Learning XML

XSL and XSL Transformations (XSLT)

Getting Started

by Richard G. Baldwin
baldwin.richard@iname.com

File Xml000550.htm

June 10, 2000


Preface

I have authored numerous online articles on XML.  These articles cover the waterfront from introductory topics to advanced topics.

I maintain a consolidated index of hyperlinks to all of my XML articles at my personal website so that you can access earlier articles from there.

Rendering XML documents

As of this writing, Microsoft IE5 is the only widely-used web browser that has the ability to render XML documents.

IE5 can render XML documents using either CSS (see my personal website) or XSL.  This is one in a series of articles that discuss the use of XSL for the rendering of XML documents, with particular emphasis on the use of IE5 for that purpose.

Introduction

What is the W3C?

According to one well known author, "The W3C is a consortium, a gathering place where organizations can meet and work together without the appearance of antitrust problems."

I wrote an article addressing this question late in 1999.  You can view that article at my personal website if you would like to know more about the W3C.

For purposes of this article, the W3C is a governing body that has published many important documents on XSL and XSLT, two of which will be referred to shortly.

What is XSL?

XSL is an acronym for Extensible Stylesheet Language.

According to the W3C,
 
XSL is a language for expressing stylesheets. It consists of two parts:

1. A language for transforming XML documents, and

2. An XML vocabulary for specifying formatting semantics.

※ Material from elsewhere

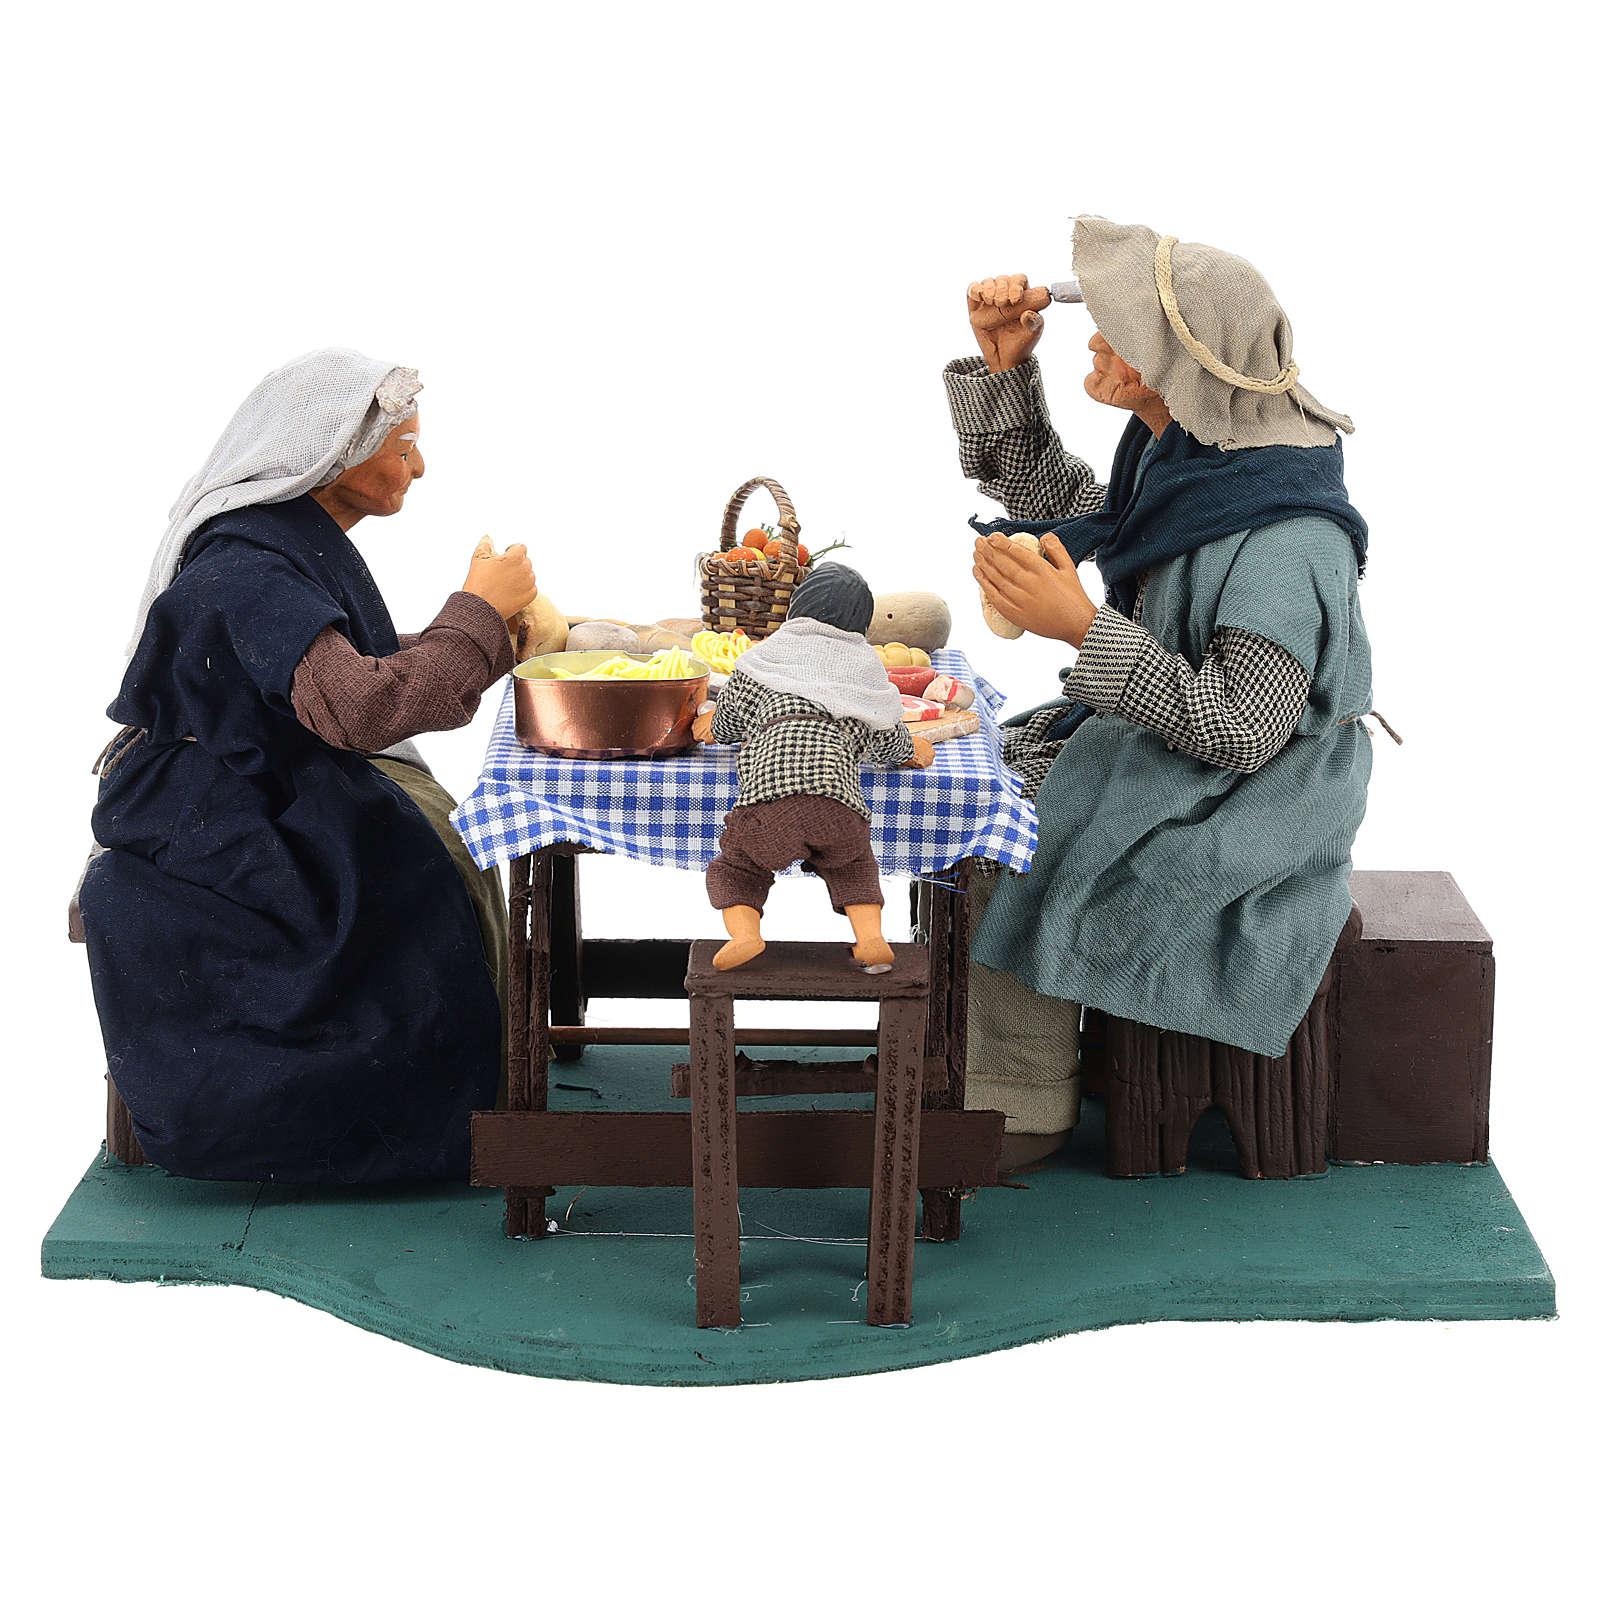 Escena familia que cena con niño 24 cm de altura media belén Nápoles 4

An XSL stylesheet specifies the presentation of a class of XML documents by describing how an instance of the class is transformed into an XML document that uses the formatting vocabulary.

A working draft

As of March 2000, the XSL document is classified as a working draft, so we need to be aware that things could change in the future.

Why Do We Need XSL?

As you are probably aware by now, one of the primary virtues of XML is the ability to separate content from presentation.

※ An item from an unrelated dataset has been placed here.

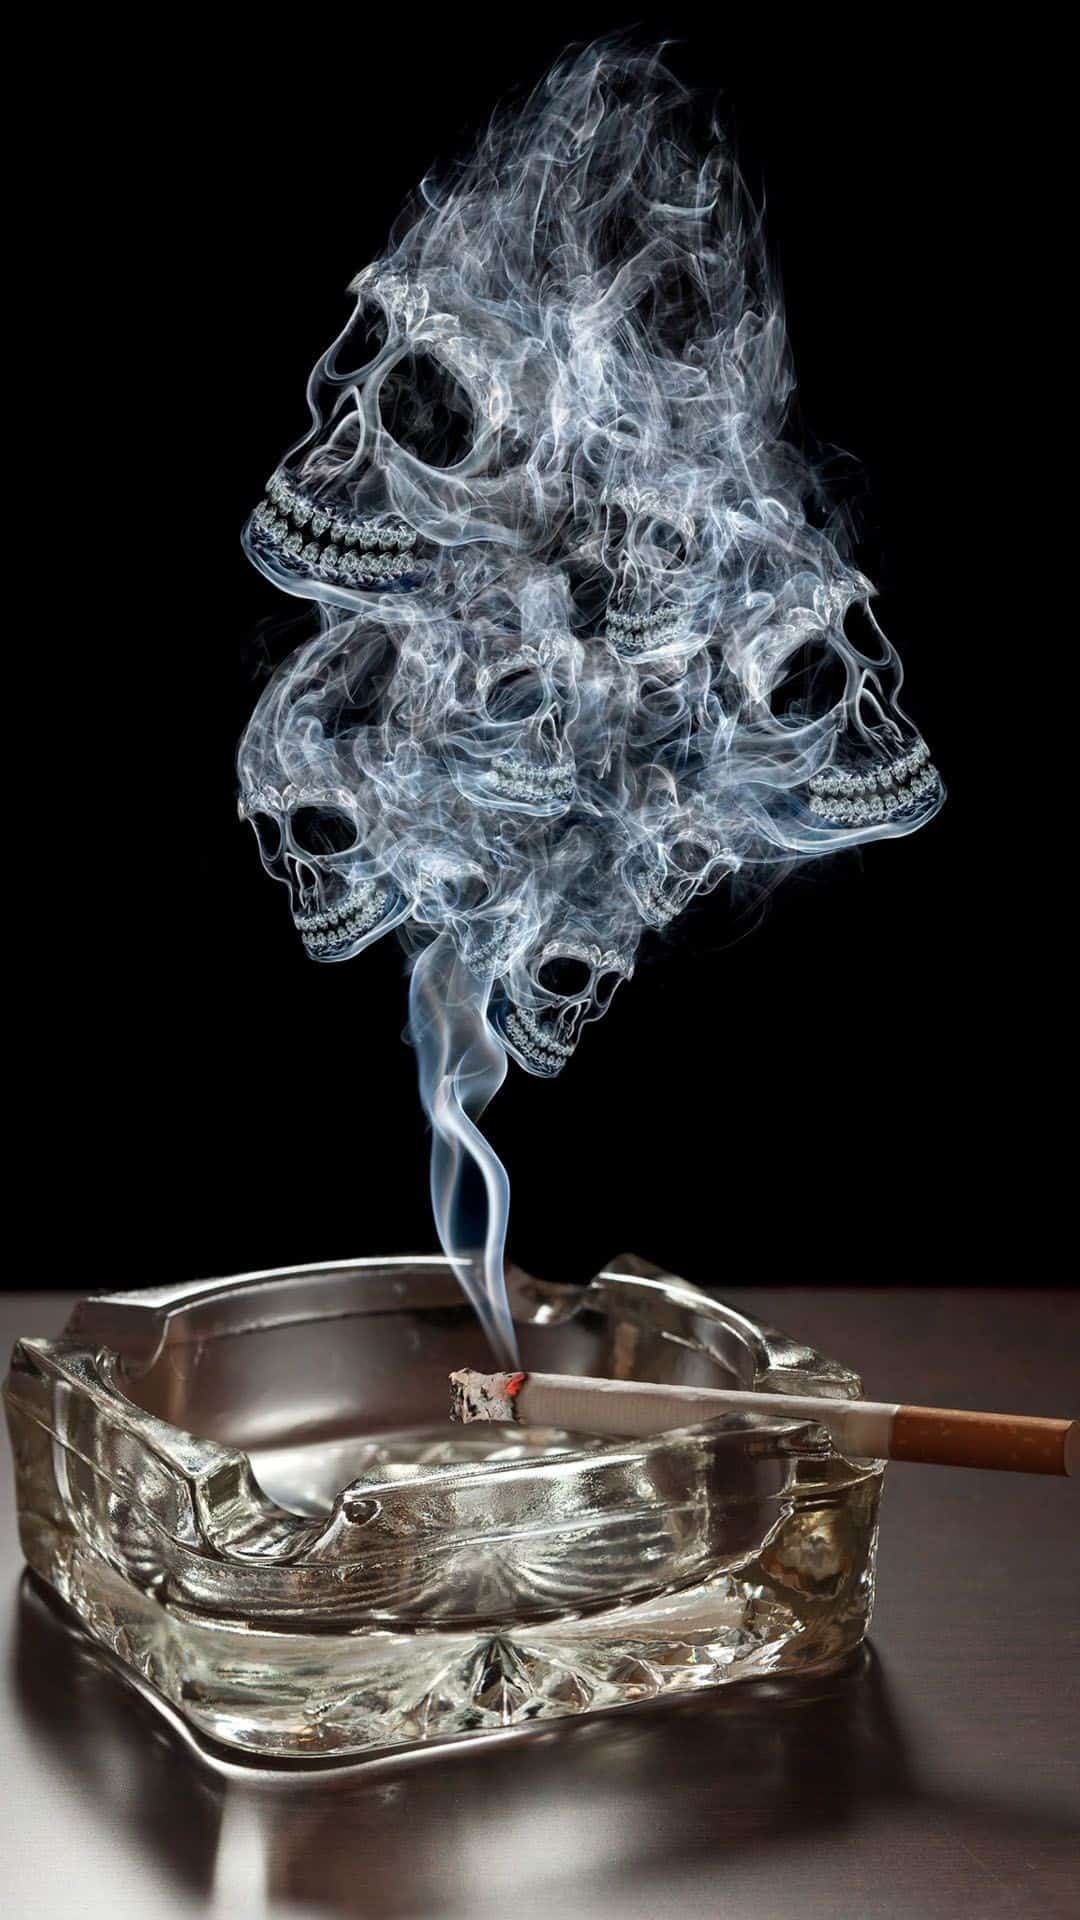 اثر سیگار و دخانیات بر عصبکشی

Separating content from presentation

In other words, an XML document contains structured information, but does not provide any hints as to how that information should be rendered for the benefit of a consumer.

An example

For example, if the information happens to be the daily news, there are at least two desirable ways to render the information:

Same news, different renderings

The two different renderings of the same information are likely to be very different.  For example, the online version is likely to make extensive use of color.  However, due to the cost of printing color, the printed version is likely to make minimal use of color.

I wish printed newspapers could have hyperlinks

The printed version is likely to have statements such as "continued on page 5" (don't you just hate that) at the bottom of the columns.   (Then you have an opportunity to drag the bottom of the newspaper through your oatmeal as you manually turn it to a different page.)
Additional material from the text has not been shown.